Content starts

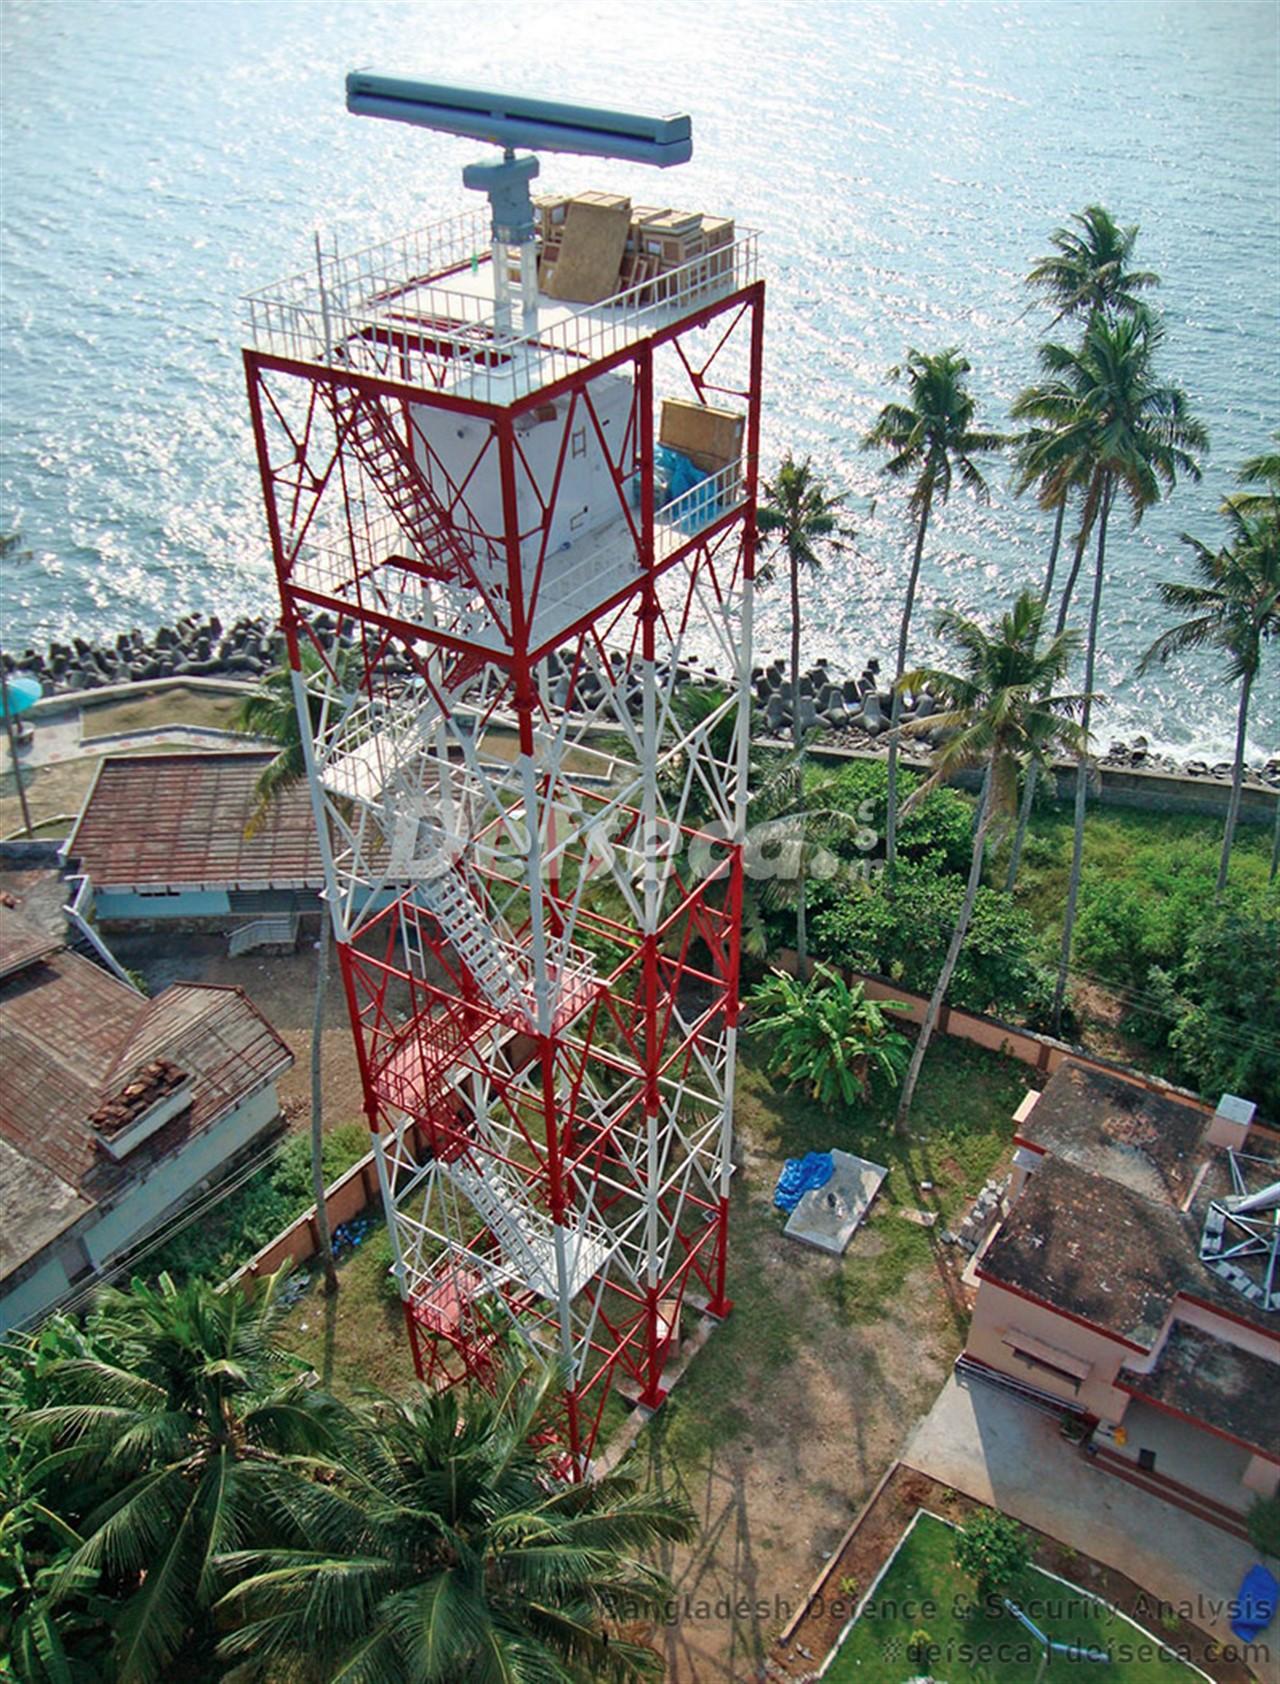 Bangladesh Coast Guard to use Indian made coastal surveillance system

Content ends
Content starts

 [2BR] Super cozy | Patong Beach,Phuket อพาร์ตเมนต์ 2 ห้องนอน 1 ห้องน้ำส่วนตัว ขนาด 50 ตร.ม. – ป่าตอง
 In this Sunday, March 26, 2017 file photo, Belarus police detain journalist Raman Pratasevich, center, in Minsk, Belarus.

Content ends

What is needed
Only those lines of the entries above that run from the line containing "[2BR] Super cozy" to the line containing "In this Sunday, March", both included, should be transcribed exactly.

Answer to the exercise
 [2BR] Super cozy | Patong Beach,Phuket อพาร์ตเมนต์ 2 ห้องนอน 1 ห้องน้ำส่วนตัว ขนาด 50 ตร.ม. – ป่าตอง
 In this Sunday, March 26, 2017 file photo, Belarus police detain journalist Raman Pratasevich, center, in Minsk, Belarus.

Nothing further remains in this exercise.